Imagine the task of designing a welding robot to work in a shipyard. Why spend time designing an AI system to teach itself to be able to generate quality welds, when one can simply go and talk to actual experienced welders? Often, it seems that AI is just a lazy programmer’ s excuse or way of avoiding having to work with experienced skilled labor to develop a proper expert system for the task at hand. After all, if a robot can teach itself to master a specific task, then that avoids all of the work necessary to interface, both personally and technically, with the people who already know how to do that task.

• Why ask an AI system to figure out what it has to do based on some kind of machine learning process, when it would have been easier to just program its basic tasks, by hand, to start with? Again, I question the usefulness of such a publication when the author did not first consider the option of tackling these problems using an expert systems approach. It strikes me that a paper like this would be much more useful if it chose as its hypothetical examples problems that cannot be solved better using expert systems.

• The usefulness of an AI system over an expert system is that the AI should theoretically be able to teach itself how to do something that there is no human expertise available to do. But this raises another question, what kind of hypothetical examples should the author of this paper have used?

• Then there is the fundamental moral question, why are we, in the first place, expecting AI to make decisions for us that carry with them a moral component? Shouldn’t we as humans be reserving for ourselves such decisions? Is the desire to make an AI system capable of driving a car, for example, at its core a desire to help your fellow man commute more safely and efficiently? Or is it, rather, a path of moral cowardice to offload the responsibility of being a safe and capable driver to some third-party entity?
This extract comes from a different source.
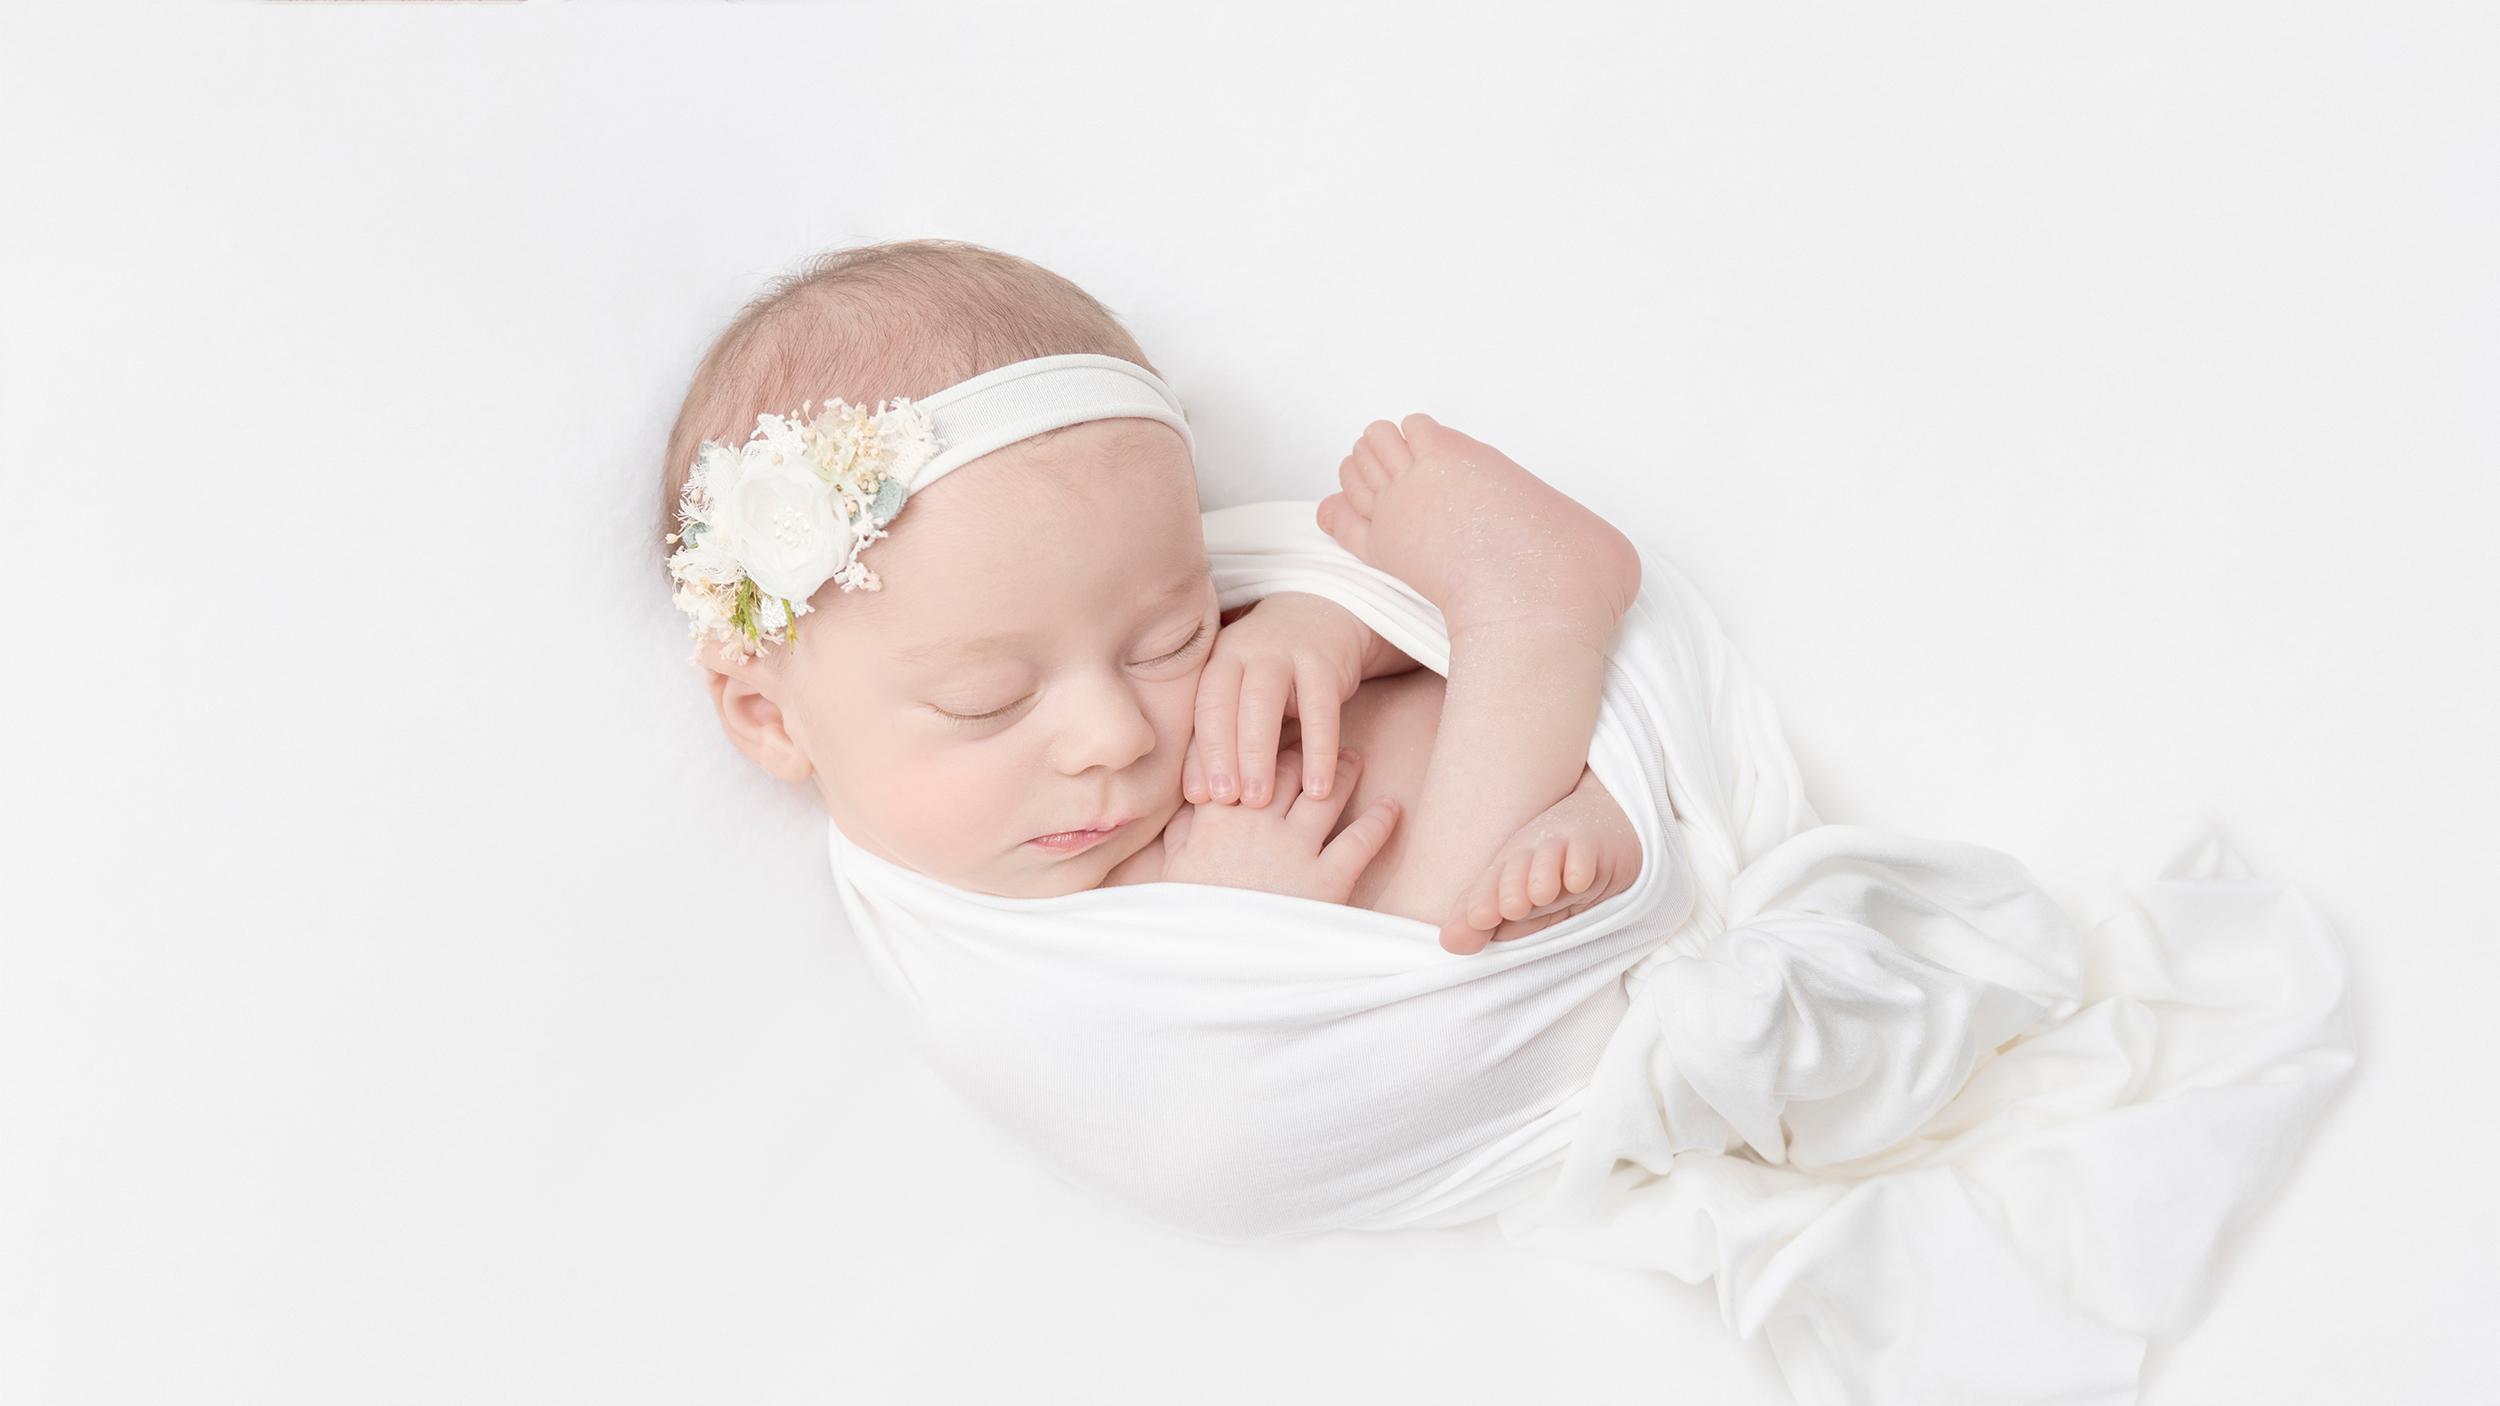 Allison Bauer Photography - Mädchen, weiß, neugeborenes baby, baby fotoshooting

• Every stable system requires negative feedback loops; and societies are no exception to this fact. Part of a society’s dynamic that enables these required negative feedback loops arises when the individuals forming the society hold each other accountable/responsible for the outcomes of the decisions they make. The more we offload our responsibility for making morally correct decisions to some nonhuman AI, the less we as individuals will need to interact with each other; a sure recipe for the collapse of a society.

• Another way to say this is that the author’s hypothetical examples envision AI systems that do not have to pay some kind of a “personal” price for any bad decisions they make. An AI system may decide that the best way to bring peace on earth is to kill all humans. But after doing that, how would the AI system maintain its physical self? It couldn’t, and it would die. The ability to make moral decisions is a property again of living systems only.
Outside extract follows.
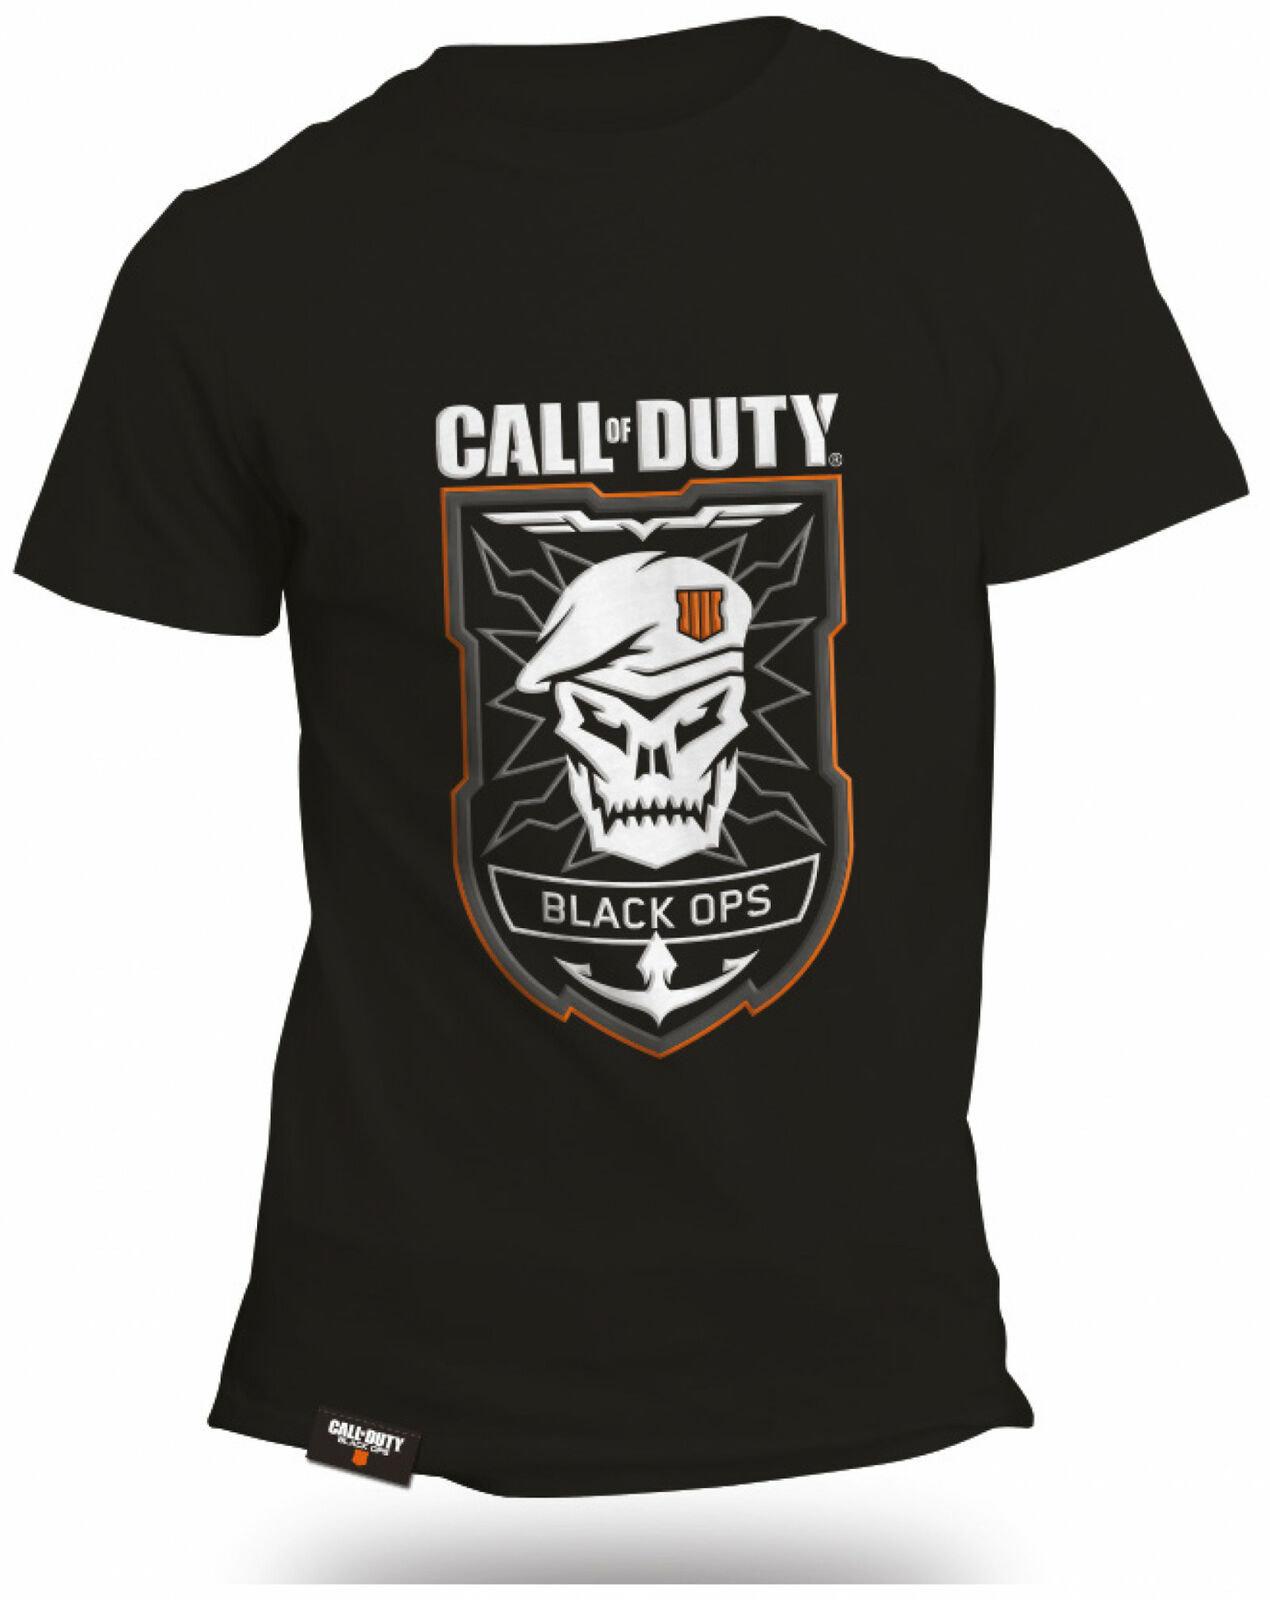 T-Shirt Call of Duty Black Ops 4 - Taille M à 7.01€, Tailles L et XL à 9,07€

• Consider the observation that true AGI is a property of a living system. Any hypothetical example of true AGI has to include the constraints of self-organization, self-preservation and self-reproduction. And if these three constraints are included in all of the author’s hypothetical examples, would they still hold up as useful thought experiments?

• I wrote in a past blog about the difference between a CNC system and a robot. My observation then applies in many ways to the distinction between expert systems and AI today. The general pattern seems to be that AI refers to speculative possibilities, whereas expert systems encompasses doable projects. That is, once something in AI becomes doable in a computational, algorithmic, practical manner, then it ceases to be AI and becomes lumped in with expert systems.

• Another random thought was that many of these AI dilemmas are not actual problems to be found in practice, but rather take the form of archetypal stories; that is, parables.

• The rambling point here is that within the current state-of-the-art, machine learning is considered part of AI. But I’m beginning to form the opinion that machine learning should more properly be considered another aspect of expert systems.